# Weak spine hitting left?



## Sled (Jul 19, 2014)

I've been troubleshooting what I believe to be a weak spine issue. After working out a nock high bare shaft I still get a significant nock right and consistent left impact. 

Specs:
Prime black 3 @69lbs 31"+ DL
shooting a 445gr Easton hexx 330 spine @28.5" carbon to carbon.
175gr point weight.
Right hand shooter

I realize I'm on the weak end of the spectrum but that's what I had on hand. I do have some 260's on order but am confused on what I'm seeing.

The pic is prior to working out the nock high, which is likely also due to the spine issue.










It's my understanding that a weak spine typically presents poi right of fletched and tail left for a RH shooter. To rule some things out I started to strip a few other arrows I had available. Both were 300 spine, one had a pont weight of 150 and the other at 110. The heavier foc arrow had a similar issue to the hexx, nock right poi left. The light weight 300, which is stiffer, stacked right in with fletched. They were parallel and what I'm looking for except for the low overall weight and low foc.

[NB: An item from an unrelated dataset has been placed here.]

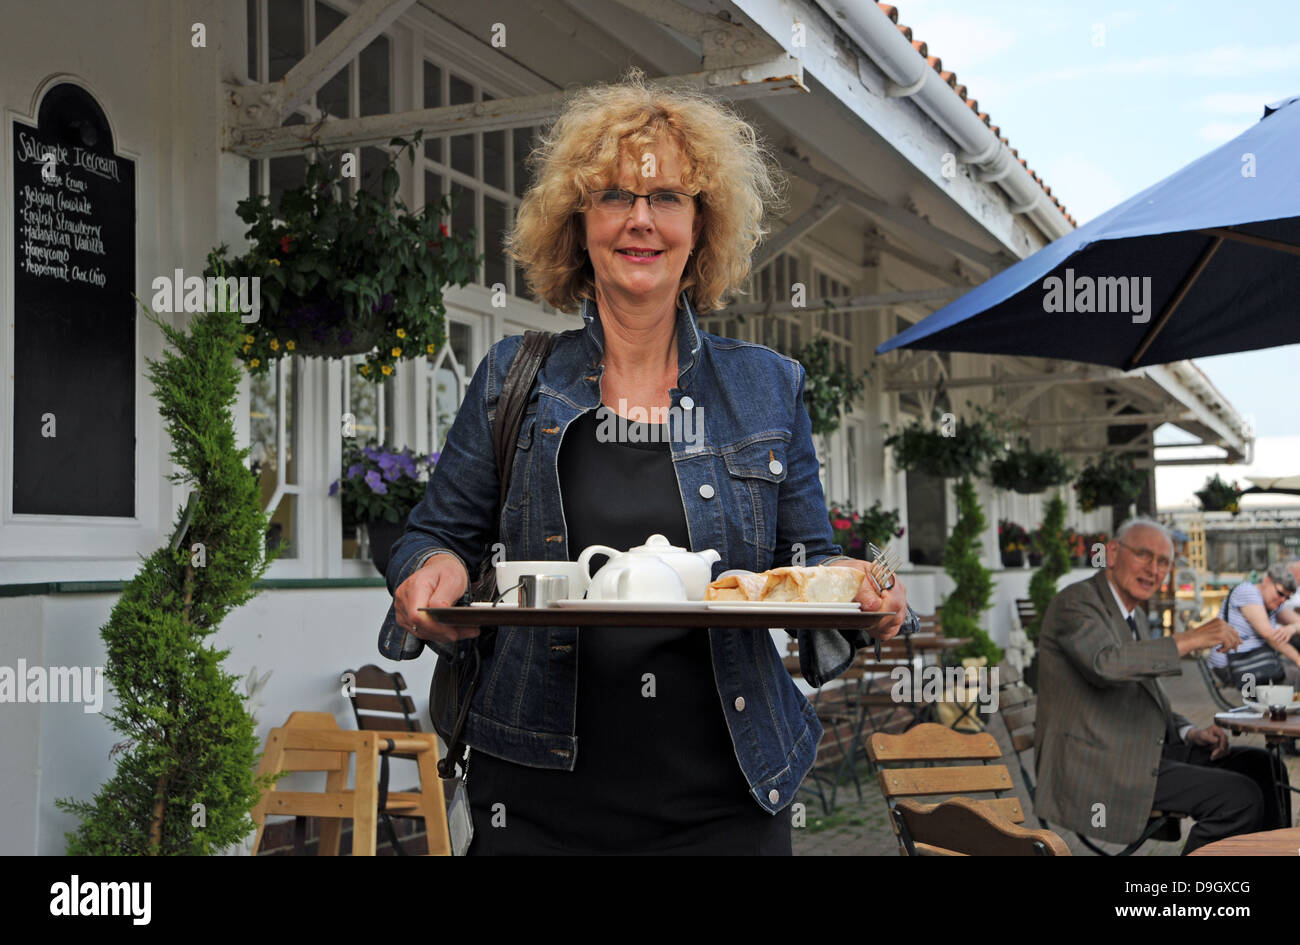 Frau mit einem Tablett an Getränken in einem Gartencenter Wyevale café Stockfoto

So, I think I have the answer but am confused on the presentation of the problem. To be honest, I typically french tune and call it good. It has worked for the mechanicals I've shot Ive the past but this year I plan to go fixed. Anyone here have the same issue or was my bow made in the southern hemisphere?


----------



## Sled (Jul 19, 2014)

i should also mention that i did turn the limbs down a couple turns to see if i could get it to tune w/ 330's but i did not see any significant improvement. at least not enough to get it to tune. 260's will be here hopefully friday.


----------



## nuts&bolts (Mar 25, 2005)

Sled said:


> i should also mention that i did turn the limbs down a couple turns to see if i could get it to tune w/ 330's but i did not see any significant improvement. at least not enough to get it to tune. 260's will be here hopefully friday.


Not a spine issue.
This is a form issue.
If right handed, double the length of your d-loop, anchor farther back on your head. Longer d-loop will position the nock farther back on your head.

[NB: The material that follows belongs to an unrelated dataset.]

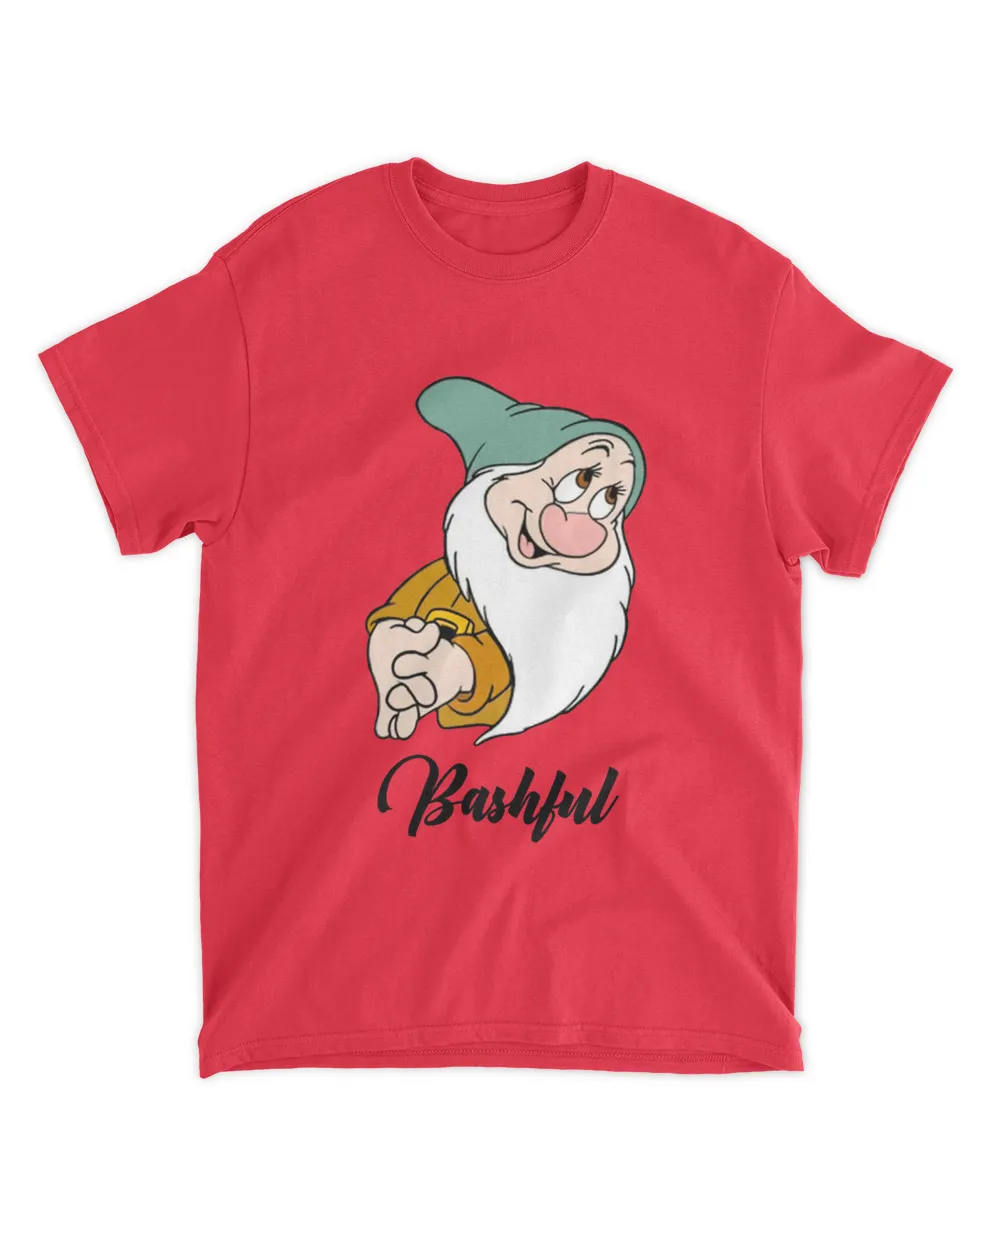 Bashful In Seven Dwarfs shirt

Swing right elbow more clockwise behind your head.


----------



## Sled (Jul 19, 2014)

Alan, I'm away from my bow until the weekend but I'm willing to try that. I currently run a longer loop than most but can lengthen. Doubling would put me around 1 5/8". I'm a 30"DL by the book but feel more comfortable anchoring back under the mastoid process or behind the ear (wrist strap index release). That puts me maxed out on the prime cams. I might be able to get a little more twisting cables or changing my let off.


----------



## Robspartacus (Feb 20, 2017)

The black series and nexus often have right tears according to many. Mine does not, but if your DL and D Loop are correct, you may need to shim your cams. Your factory shims will be 2 dot shims in all four corners. You might need 1 dot and 3 dot cam shims. As close as you are now, you might not need much added D Loop length to correct your issue. Go ahead and do what Nuts&bolts says to see. I bet it flips your right tear to left. 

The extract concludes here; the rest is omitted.